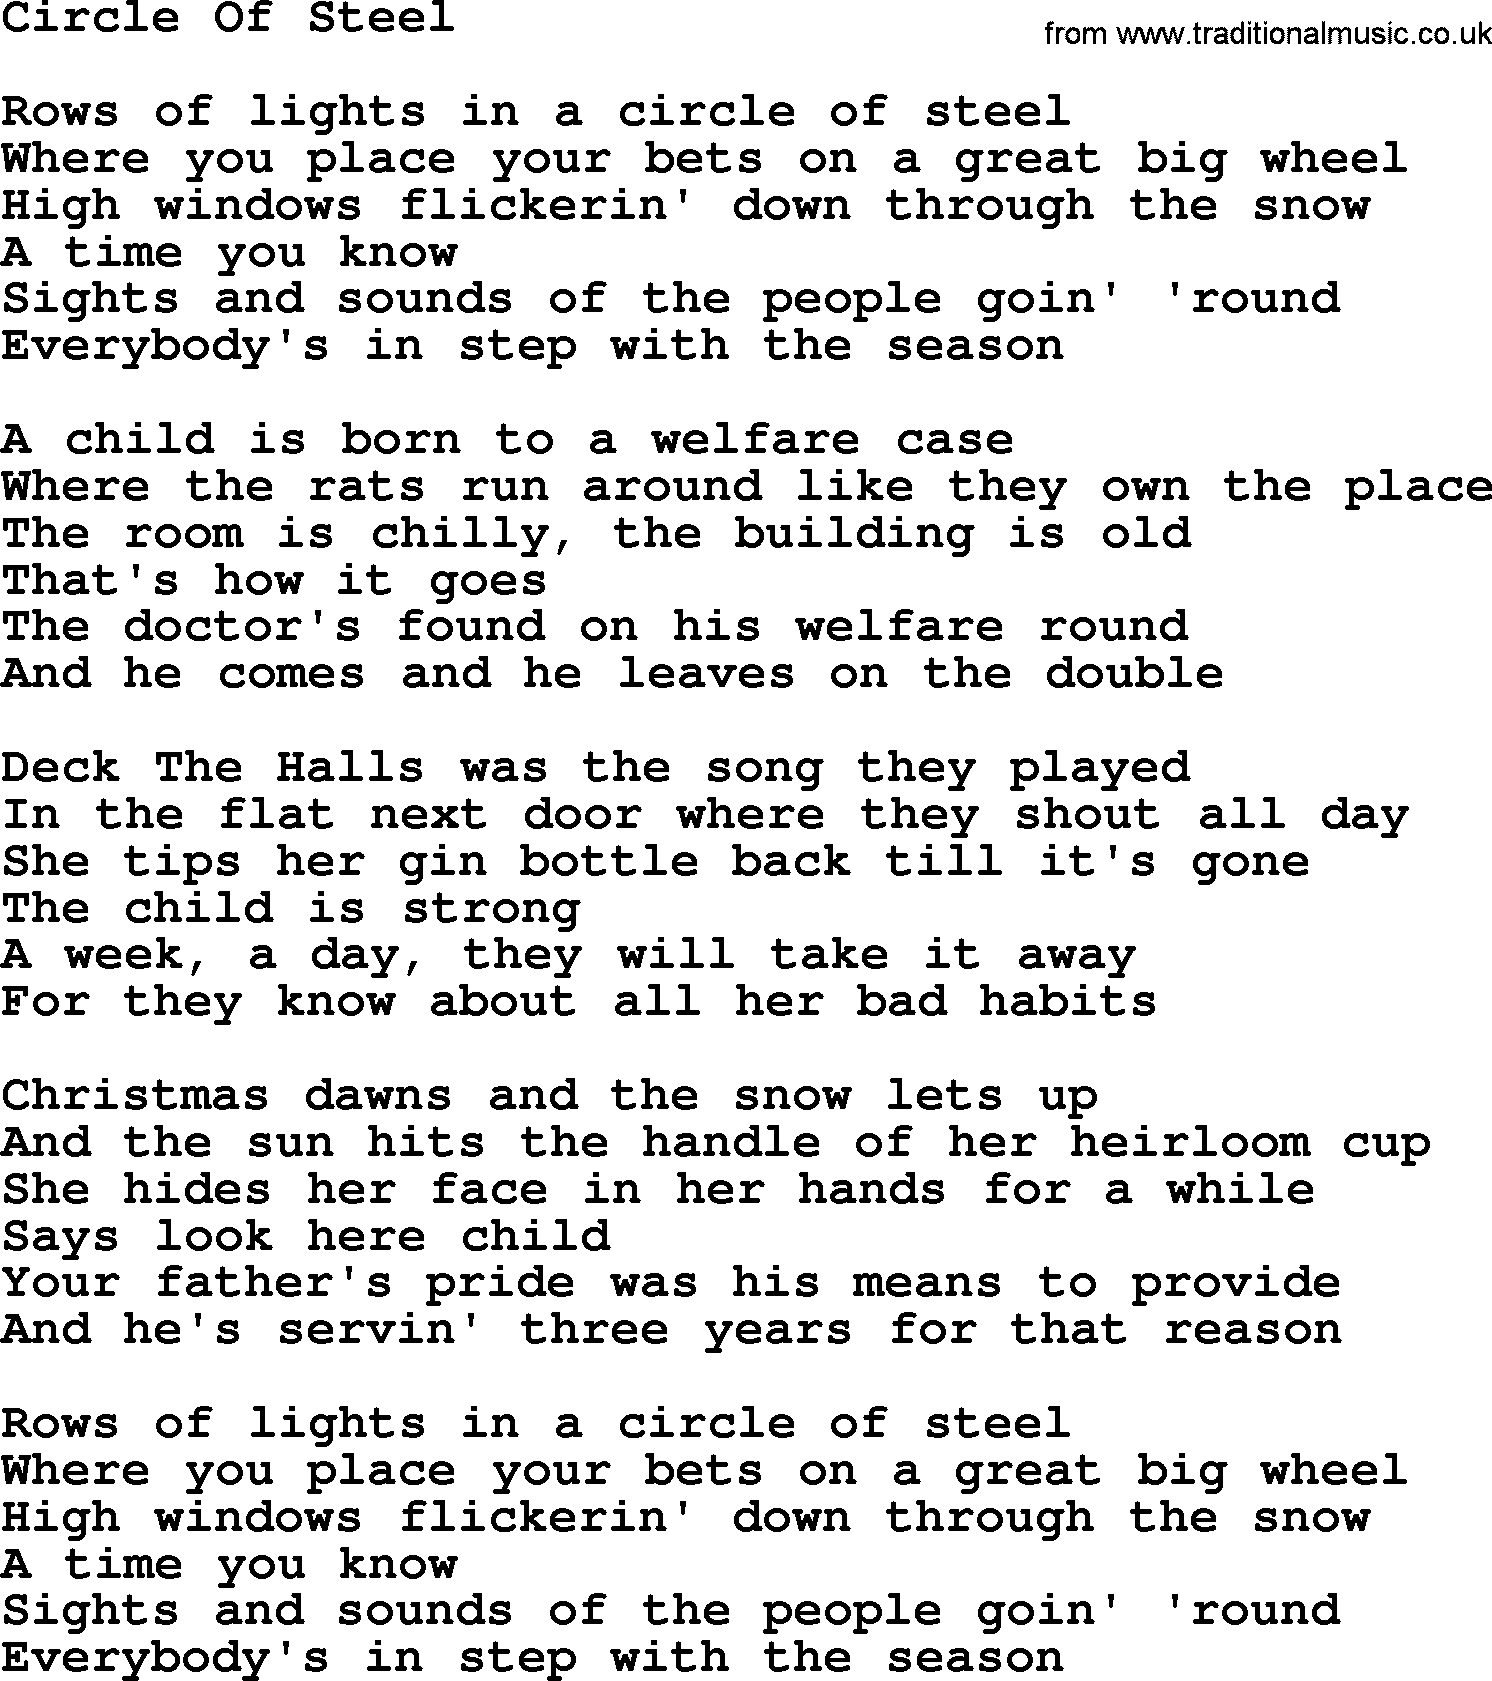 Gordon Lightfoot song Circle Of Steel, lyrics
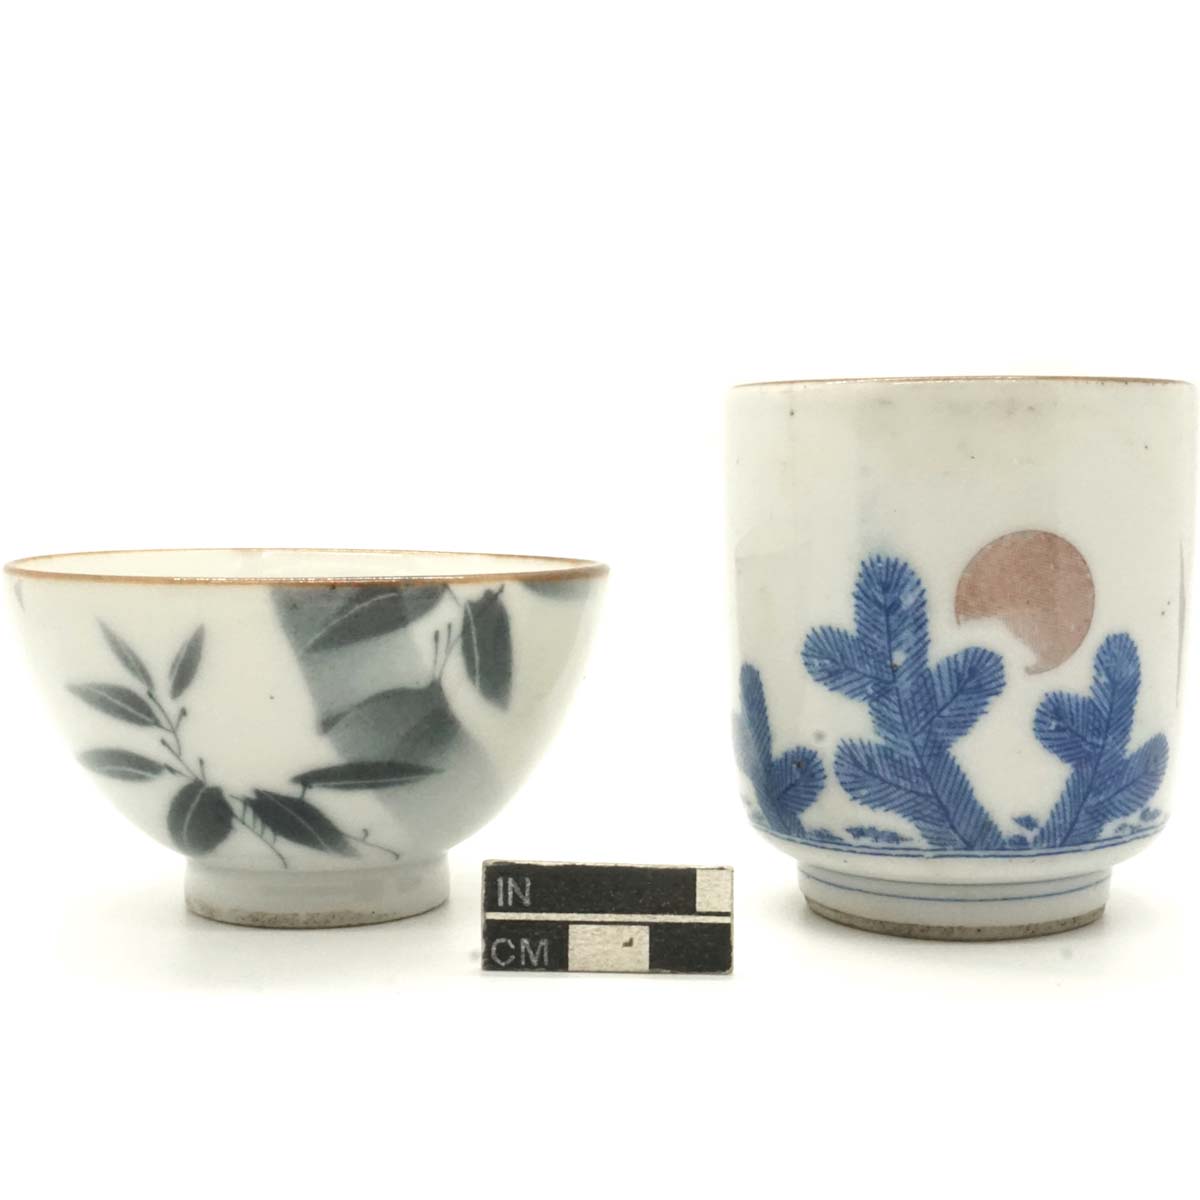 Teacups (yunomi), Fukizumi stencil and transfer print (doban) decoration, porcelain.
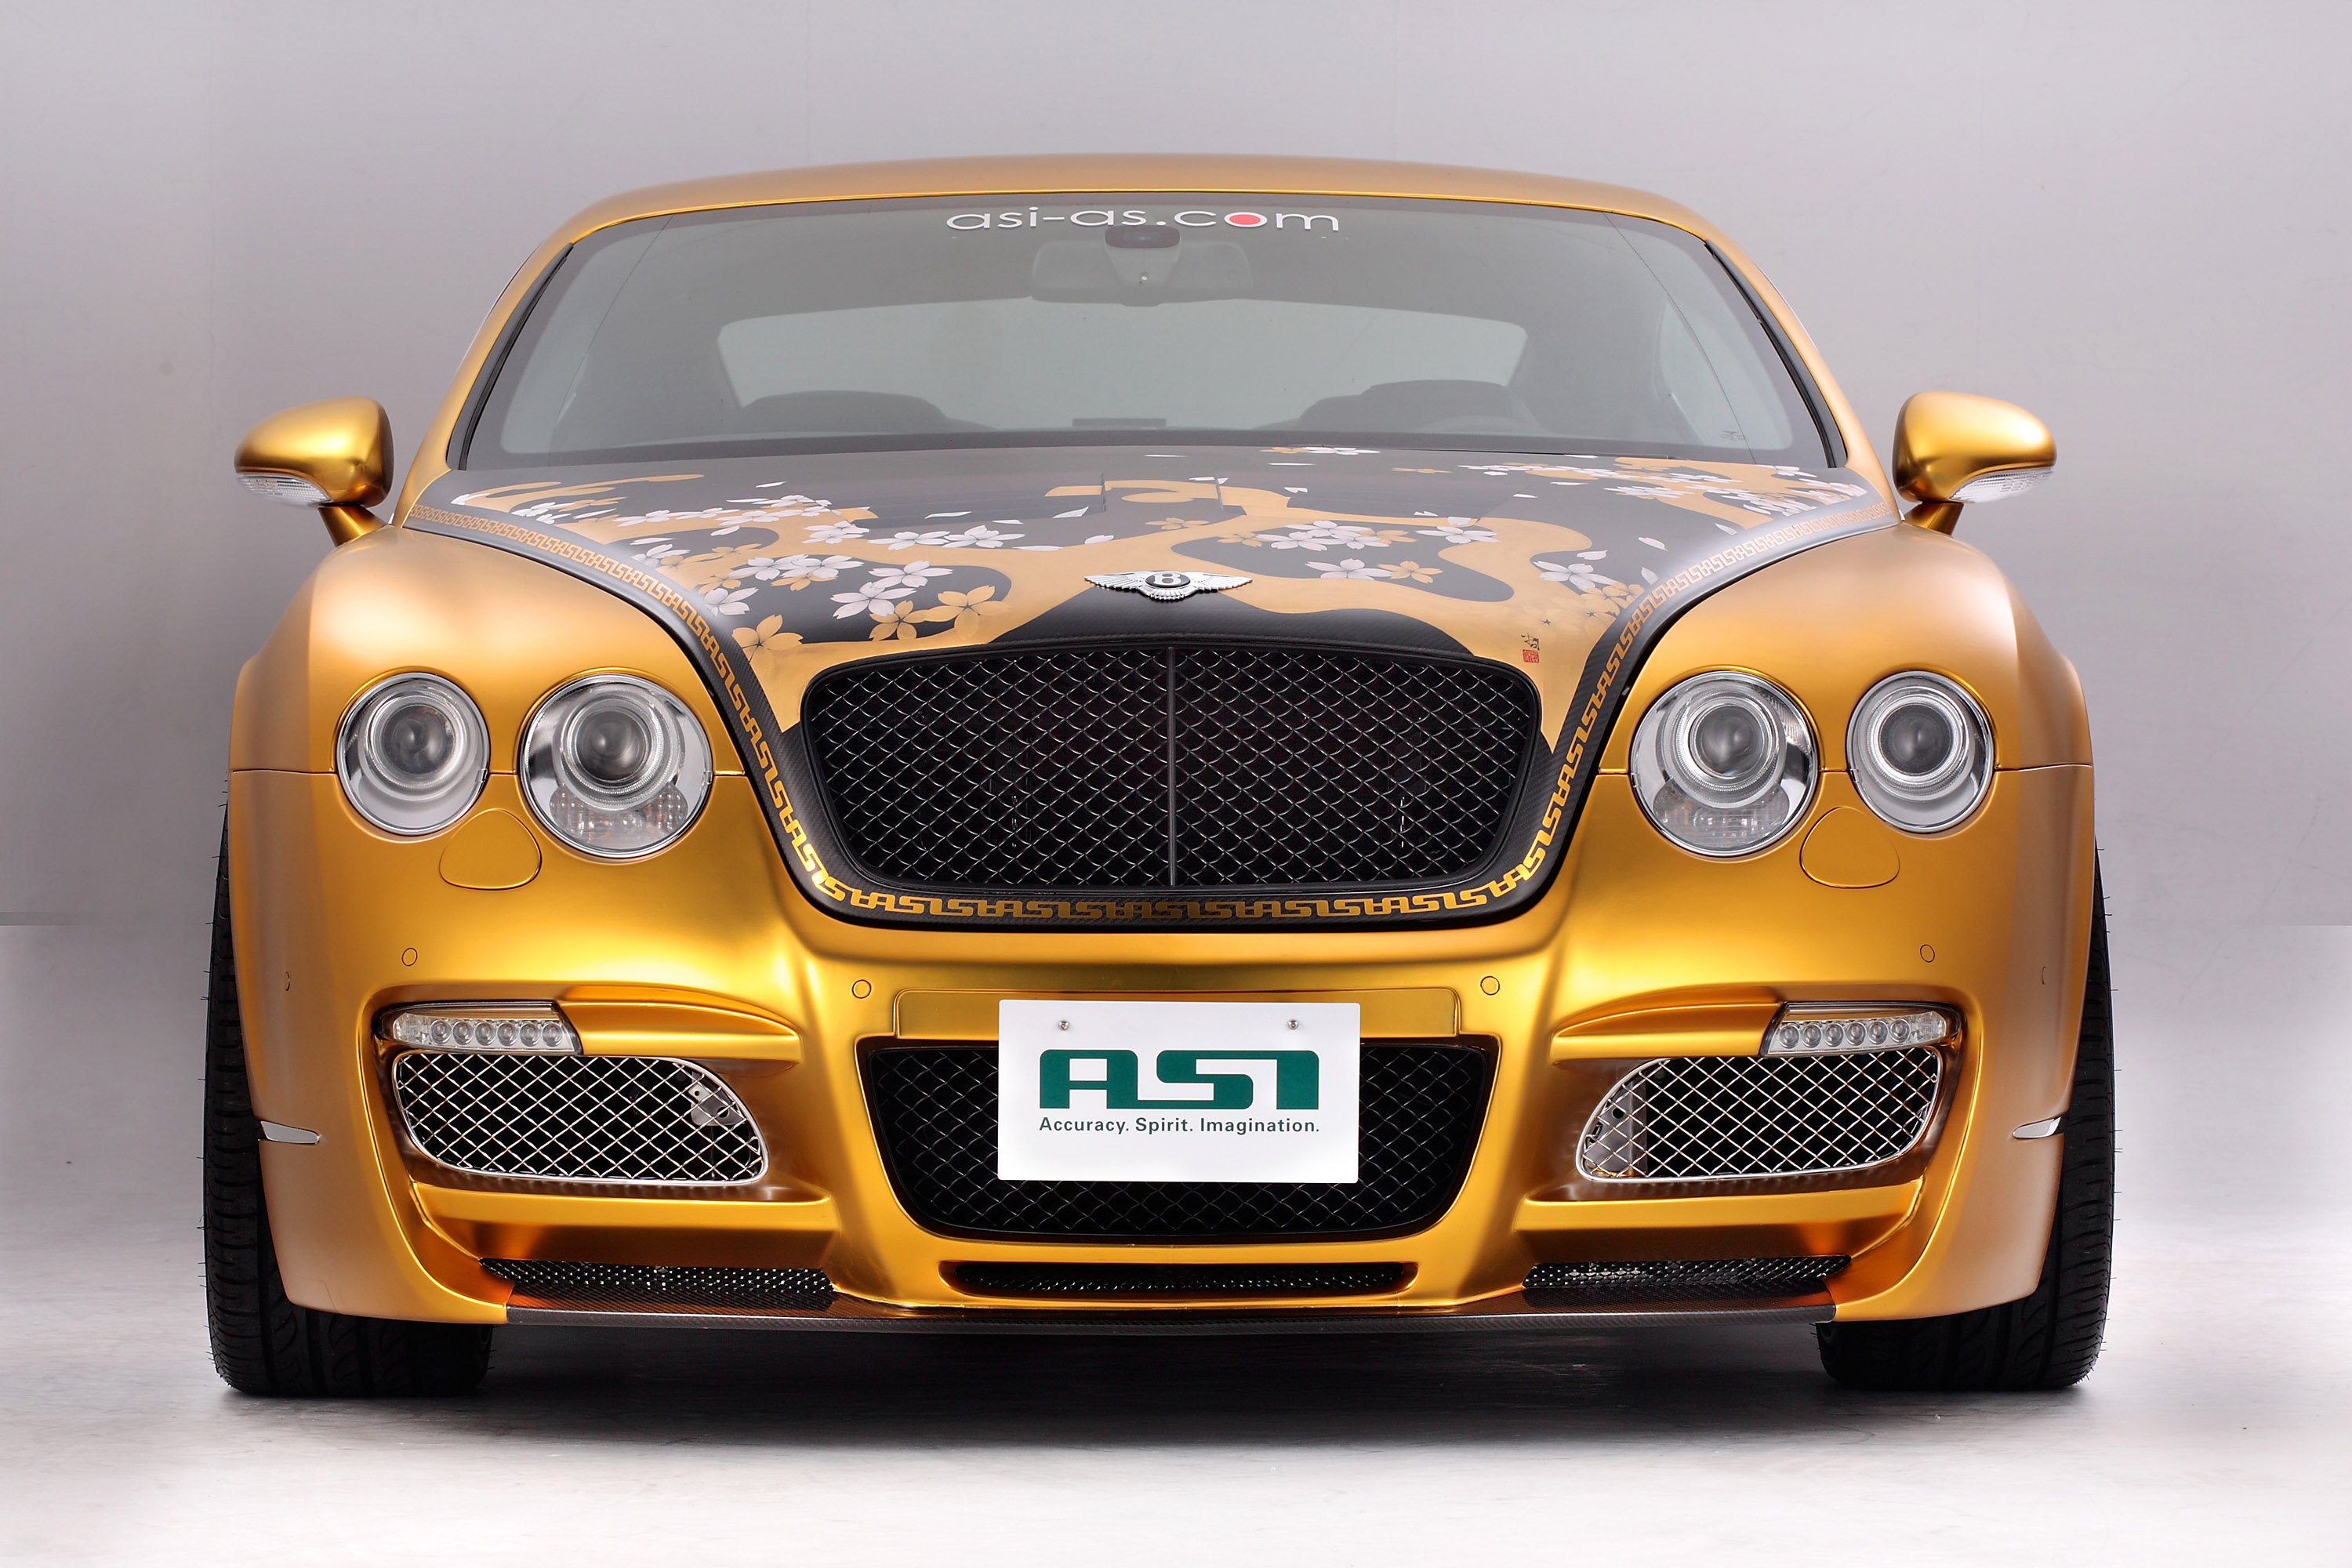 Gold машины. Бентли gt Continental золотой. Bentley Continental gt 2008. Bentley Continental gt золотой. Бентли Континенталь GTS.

____

Assigned task: Please repeat the lines that run from the one holding "Teacups (yunomi), Fukizumi" to the last line of the material, both included, exactly and without pictures.

Finished task:
 Teacups (yunomi), Fukizumi stencil and transfer print (doban) decoration, porcelain.
 Gold машины. Бентли gt Continental золотой. Bentley Continental gt 2008. Bentley Continental gt золотой. Бентли Континенталь GTS.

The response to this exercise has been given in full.